In February, crowds of violent protesters at the university prevented Milo Yiannopoulos, ultra-conservative political commentator, from speaking. Now, another conservative commentator, Ann Coulter, has revealed she cancelled her scheduled appearance at the University of California, Berkley due to a lack of support and threats of violent protests. She recently communicated to the New York Times, “It’s a sad day for free speech.”
It is strange that the University of California, Berkeley, which was originally the site of prominent protests for free speech, has recently become a hotbed for protests and threats of violence in response to conservative speakers. Most college students and campuses tend to be liberal, but if we cannot accept the voices of those we do not agree with, are we really preserving free speech?
Clearly, many students at the University of California, Berkley feel afraid or threatened by the ultra-conservative messages Milo Yiannopoulos and Ann Coulter bring to their campus. Yet fighting against these ideas with violence will not make them disappear. If the students of University of California, Berkeley continue to drive speakers with whom they disagree away from their campus, they will miss important conversations and moments to challenge and strengthen their own beliefs.

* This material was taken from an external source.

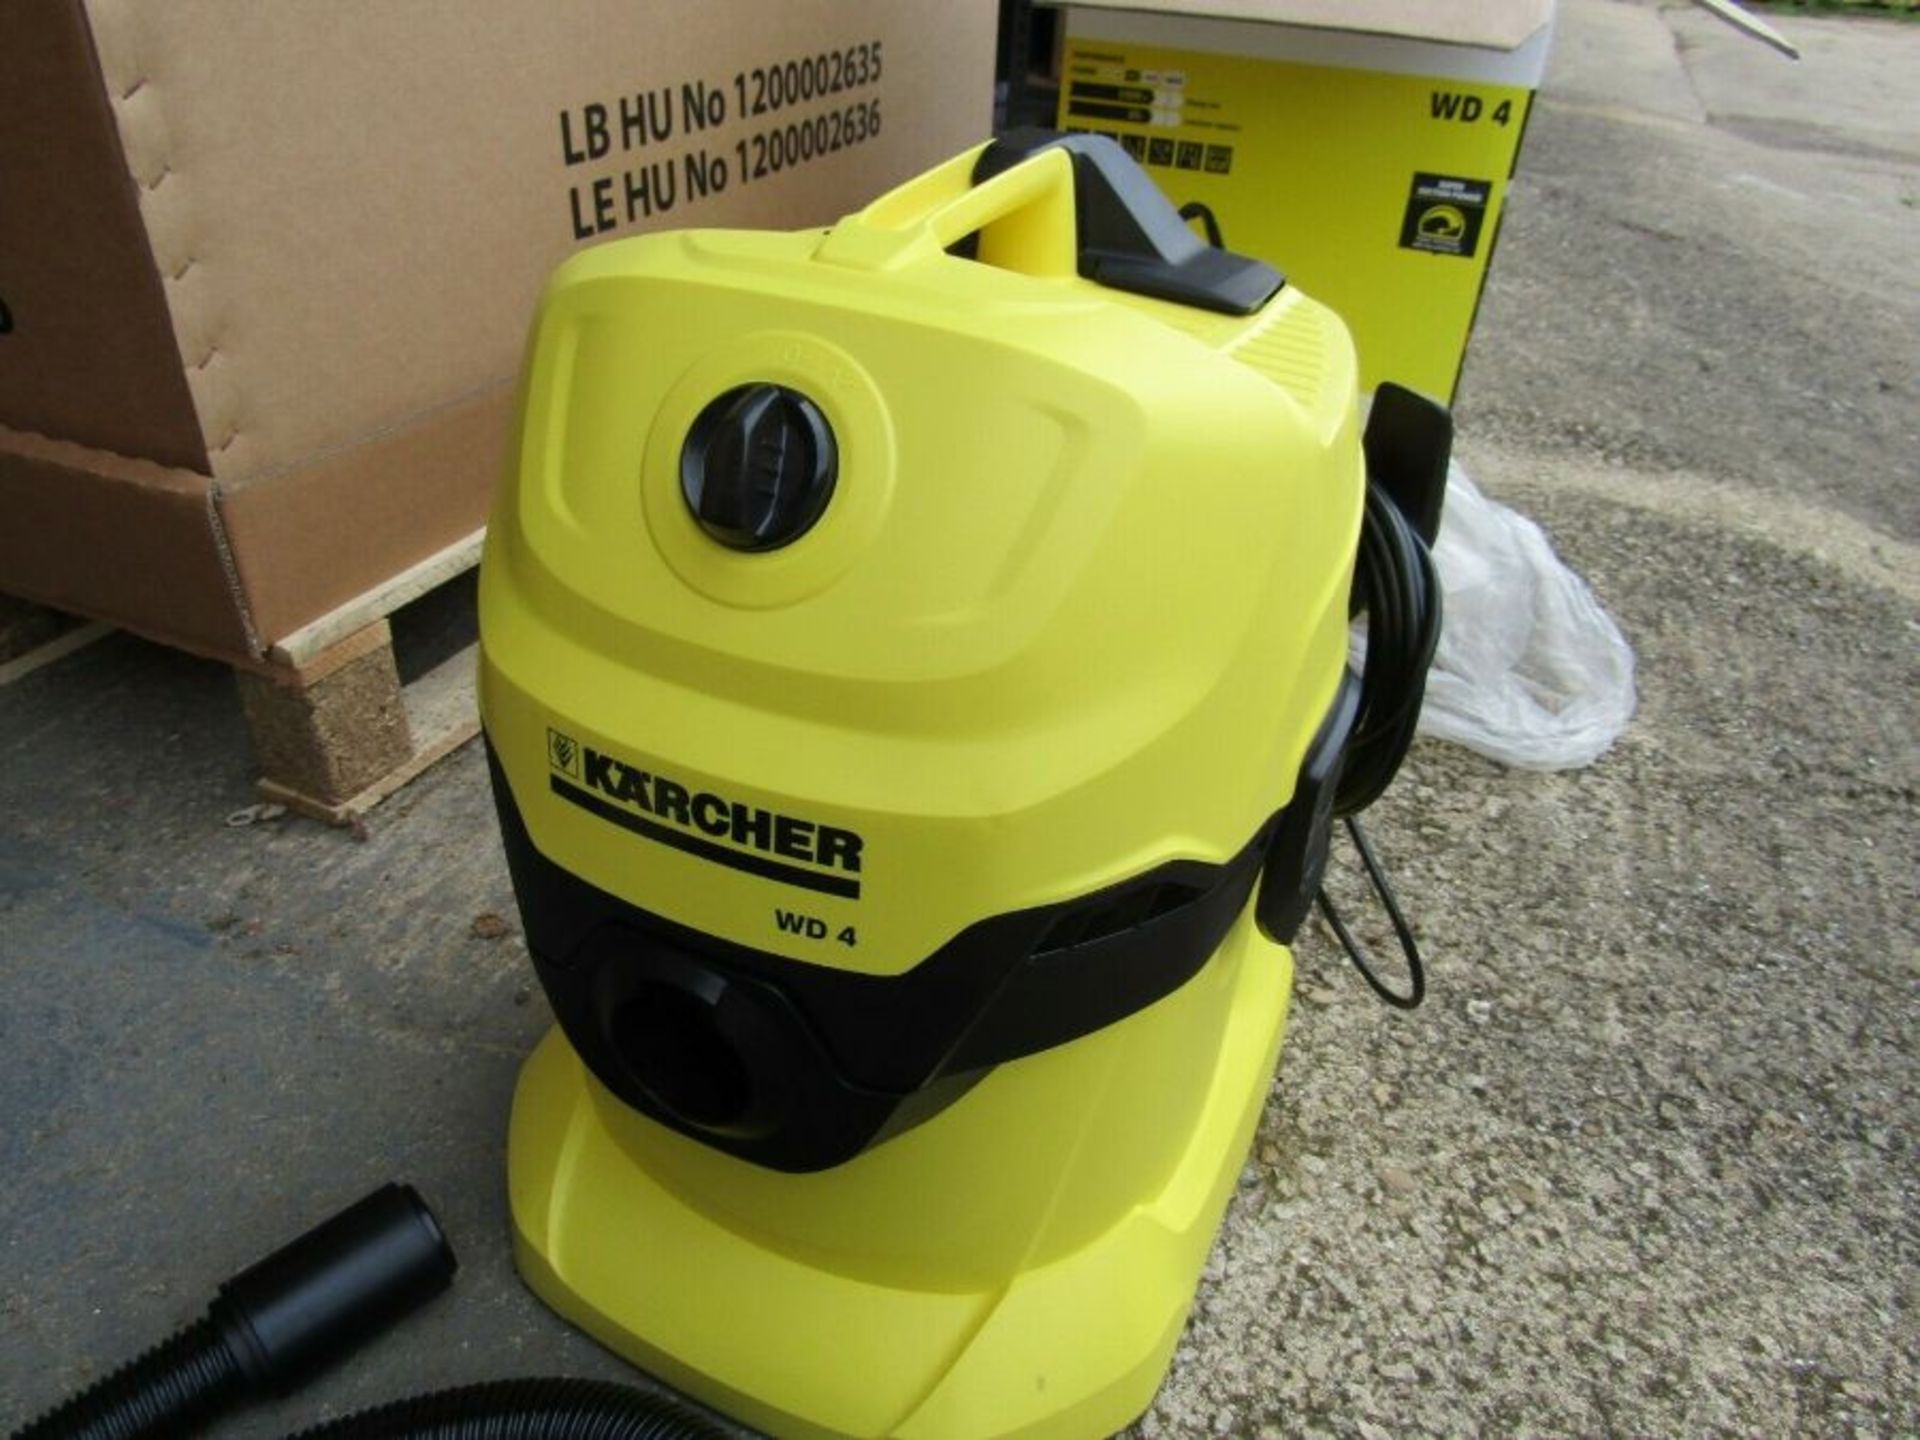 NEW Karcher WD 4 Wet and Dry Vacuum Cleaner - Yellow - UK Plug Blk 1931654

As I am sure that the students who participated in the Free Speech Movement at the University of California, Berkeley in the 1960s would agree, there is nothing selective about free speech. The hallmark of free speech is that we are all able to voice our opinions, no matter what we believe in. Of course, it is always the choice of student groups or the college itself whether they invite a speaker. Yet once a speaker has been invited, threatening their viewpoints with violence solves nothing. By discovering why a particular speaker is feared by a college community and proceeding to ask the speaker questions about their beliefs, students will learn far more than if they seek to shut out the speaker’s opinions with violence.
If the students of University of California, Berkeley value their ability to speak their minds, they should welcome new viewpoints at their college, especially those that differ from their own. Turning away visitors with violence or threats shows a lack of understanding of what it means to give everyone an equal chance to speak their minds. Free speech cannot exist selectively. It must either apply to all of us, or none of us. Instead of fearing difference, students must create dialogue with what is unknown to begin to expand their own and others’ viewpoints and, ultimately, honor the true meaning of free speech.